Veel mensen zien deze soort al als inheems, maar de Romeinen brach- ten hem mee. De sterke penwortel en redelijk hoge droogtetolerantie wapenen de tamme kastanje tegen klimaatgrillen. Kastanjehout is hard en duurzaam, vergelijkbaar met eik. Nadelen zijn de traag afbreekbare strooisellaag en de iets kleinere bijdrage aan de biodiversiteit. Opgelet: in het Middellandse Zeegebied heeft de soort al met verschillende ziekten te kampen.

Gewone zilverspar - Abies alba

Ook de gewone zilverspar is een interessante soort, vanwege zijn hoge schaduwtolerantie en diepe wortels, die maken dat hij letterlijk tegen een stootje kan en minder gevoelig is voor droogtestress en aantasting door de letterzetter dan de fijnspar. De houtkwaliteit is vergelijkbaar met die van de fijnspar (vuren). Er komen steeds meer signalen dat een te sterke afname van naaldhout in onze regio voor heel wat soorten nadelig is. Kortom: de gewone zilverspar kan hier en daar in bijmenging worden geïntroduceerd, met name op zandgronden.

Ook interessant

De hartbladige of Italiaanse els - Alnus cordata is een middelgrote boom uit het Middellandse Zeegebied die weinig eisen aan de bodem stelt.

Zowel de Europese of Oosterse netelboom - Celtis australis uit het Middellandse Zeegebied als zijn Amerikaanse neef, de westerse netelboom of zwepenboom - Celtis occidentalis, gedijen op uiteenlopende bodems, zijn droogtebestendig en leveren kwaliteitshout.

De pluimes - Fraxinus ornus uit Zuid-Europa en West-Azië verdraagt verharding en droogte en doet het goed op zowat alle bodemtypes. Nadeel is dat hij traag groeit.

De Amerikaanse amberboom - Liquidambar spp. kan goed tegen verharding en groeit het liefst op leemgronden.

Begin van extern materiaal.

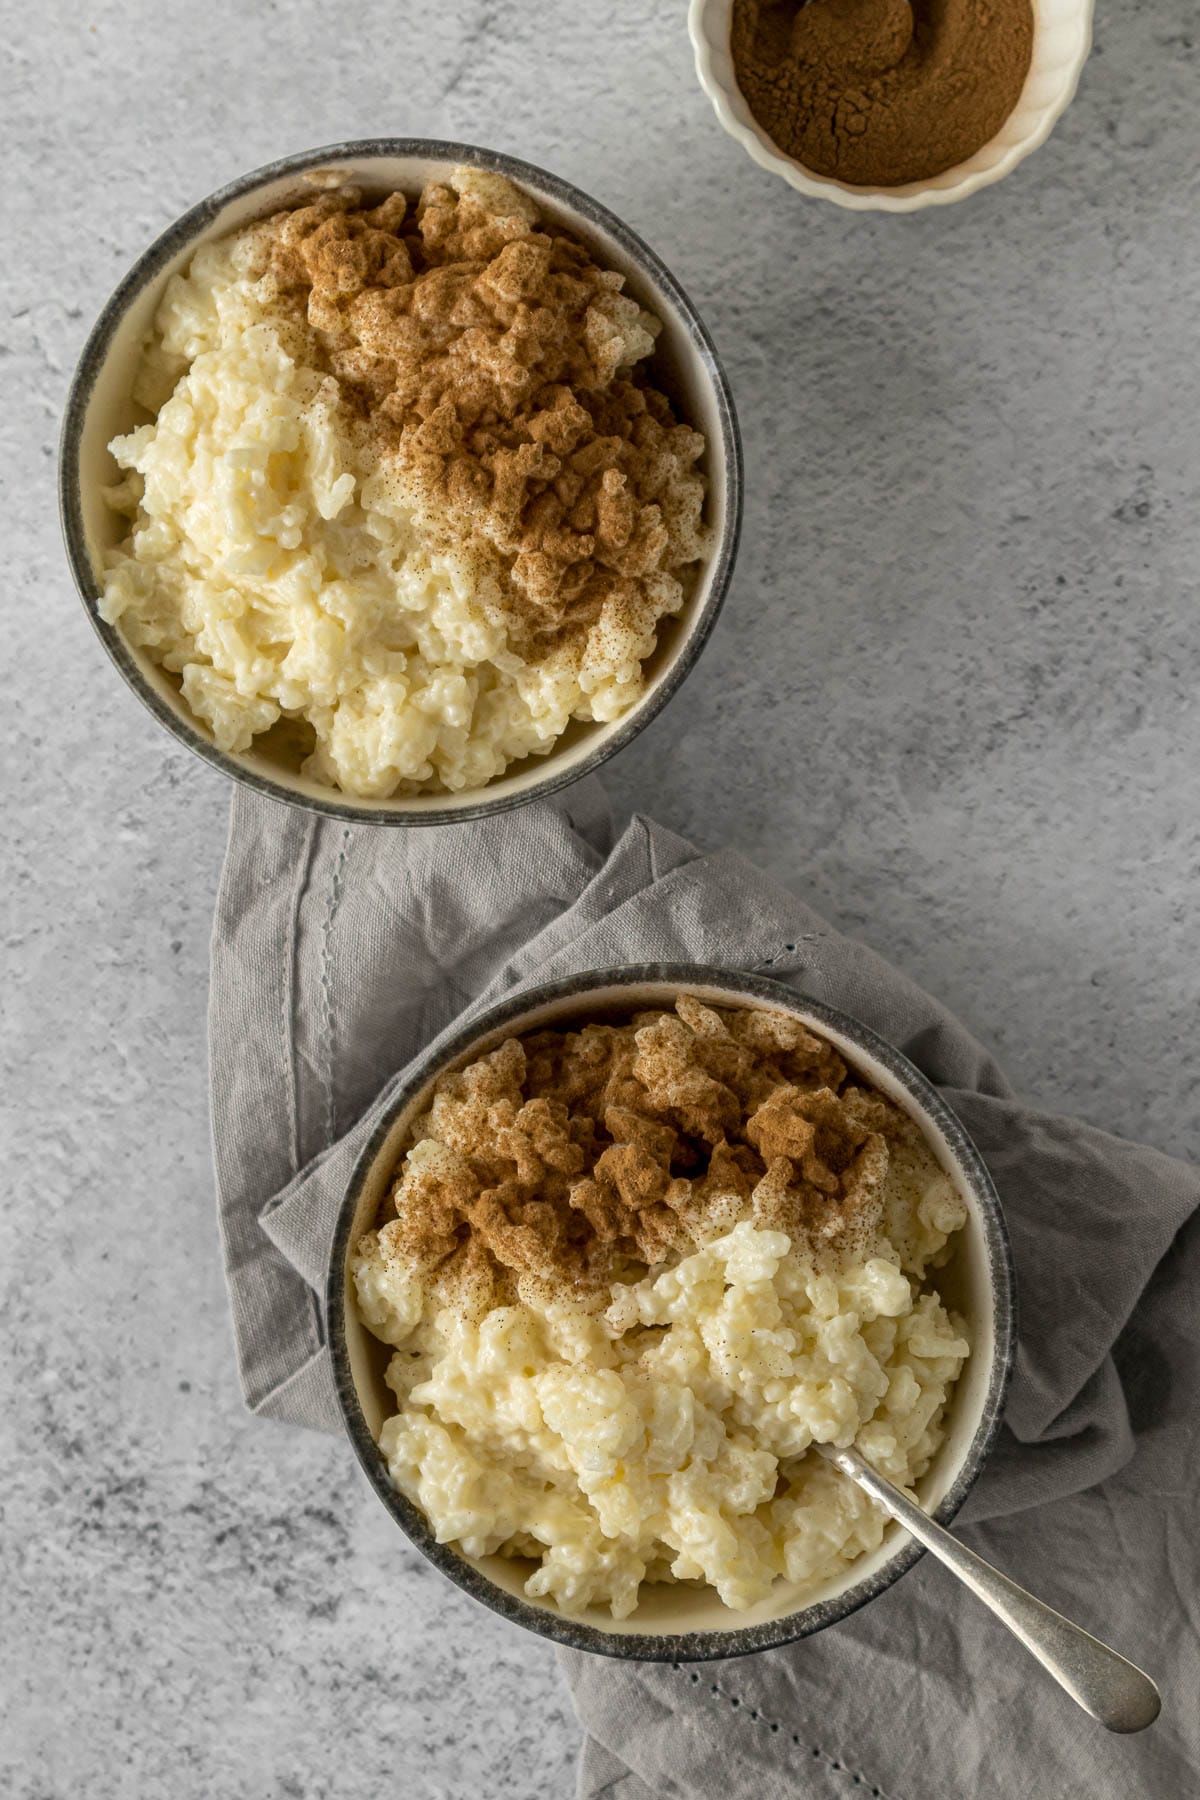 Bowls of rice pudding with sprinkle of cinnamon.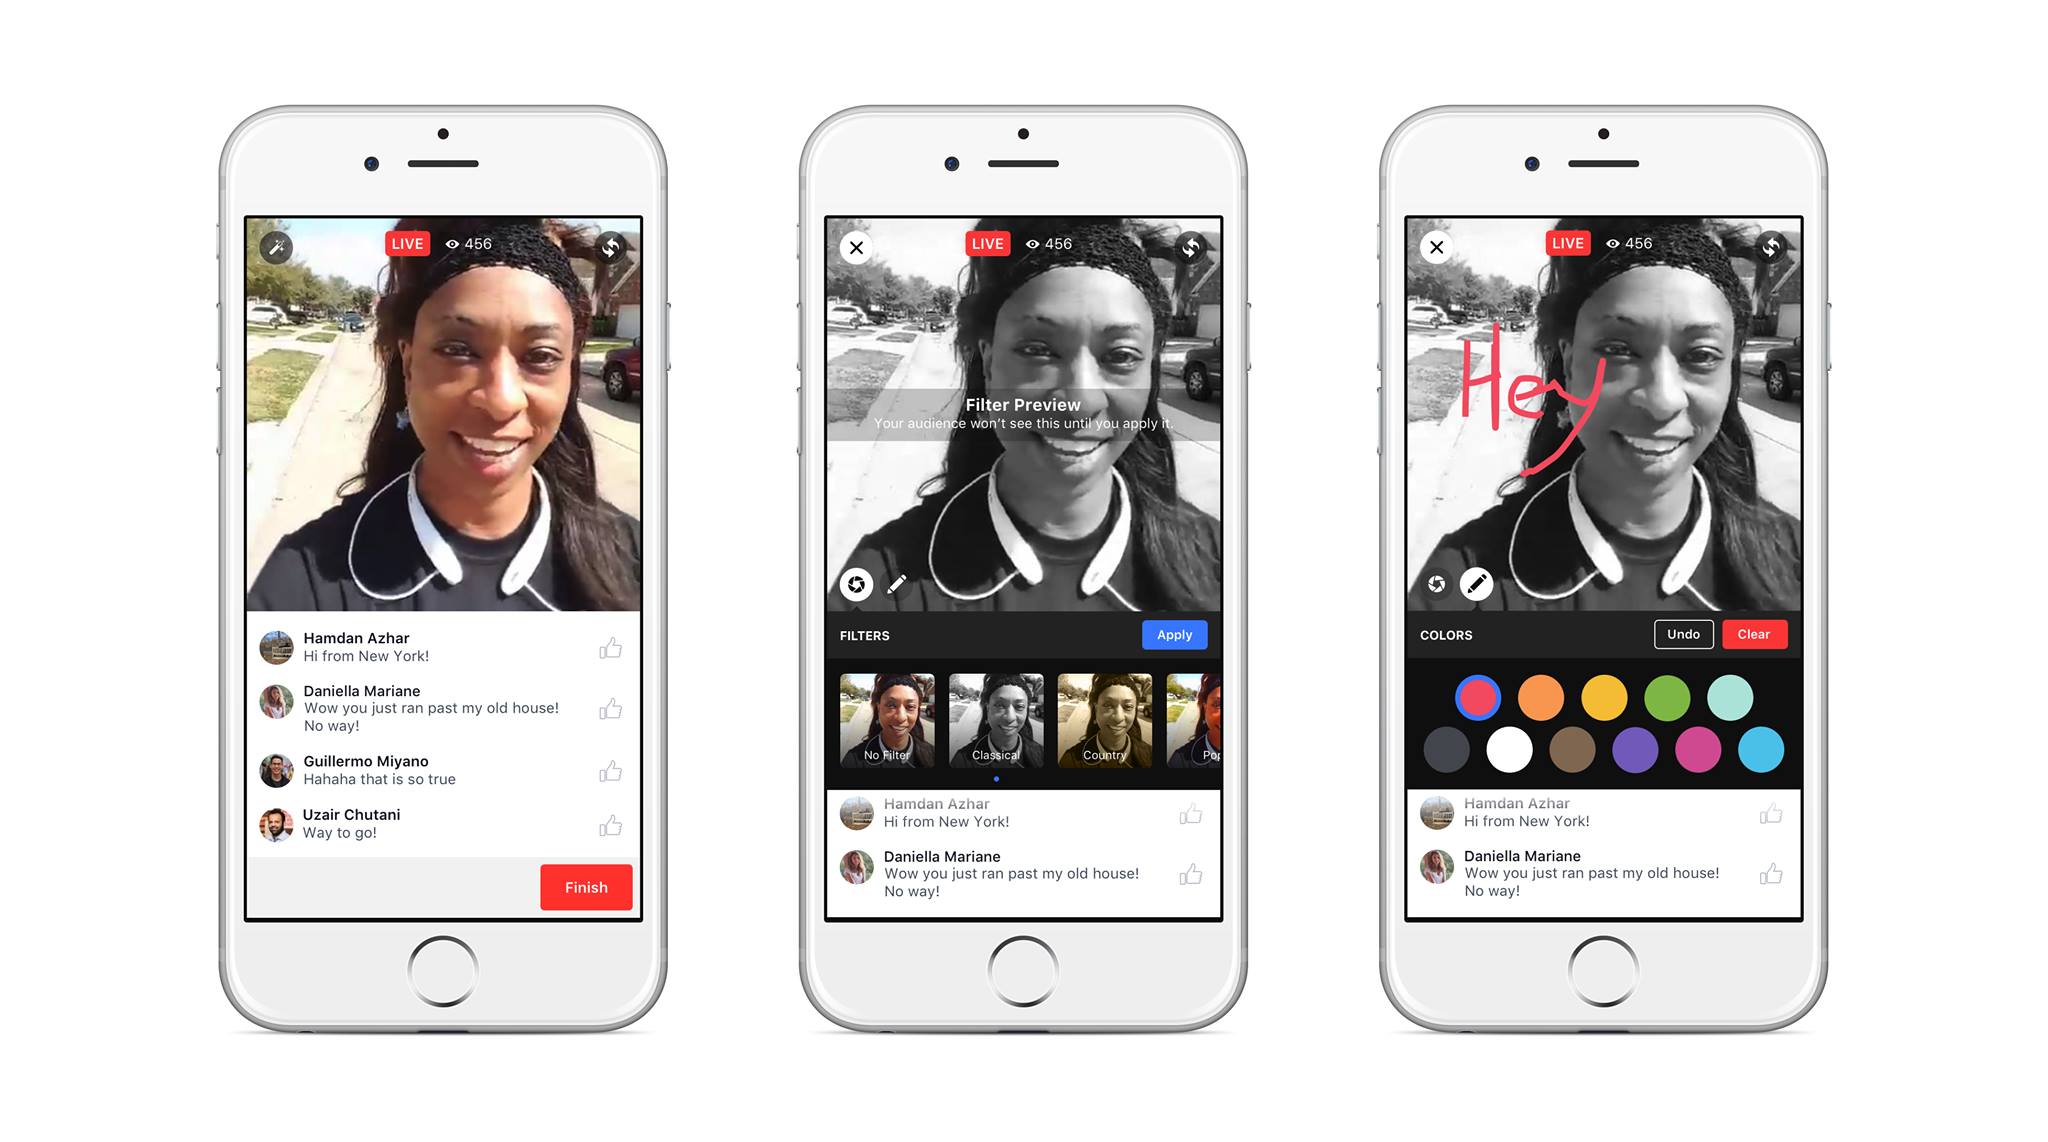 Facebook's creative tools: filters and doodling while livestreaming

De Europese hopbeuk - Ostrya carpinifolia uit Zuid-Europa is een kleine boom die op alle bodems groeit, zelfs op zeer droge. Bovendien heeft hij weinig problemen met verharding.

Ook Aziatische bomen blijken soms interessant. De Japanse zelkovaZelkova serrata is een mooie boom die houdt van leemgronden en die verharding en voorjaarsvorst goed verdraagt.

Ook Zuid-Europese eikensoorten komen in het vizier van de klimaatslimme bosbouwer. De moseik of Turkse eik - Quercus cerris levert goed hout op, maar verdraagt geen verharding. De Hongaarse eikQuercus frainetto uit de Balkan kan wat beter tegen verdichting en gedijt zowel op droge als natte standplaatsen. De steeneik - Quercus ilex tolereert halfverharding en houdt van droge en kalkrijke bodems. Nadeel is dat jonge steeneiken vorstgevoelig zijn.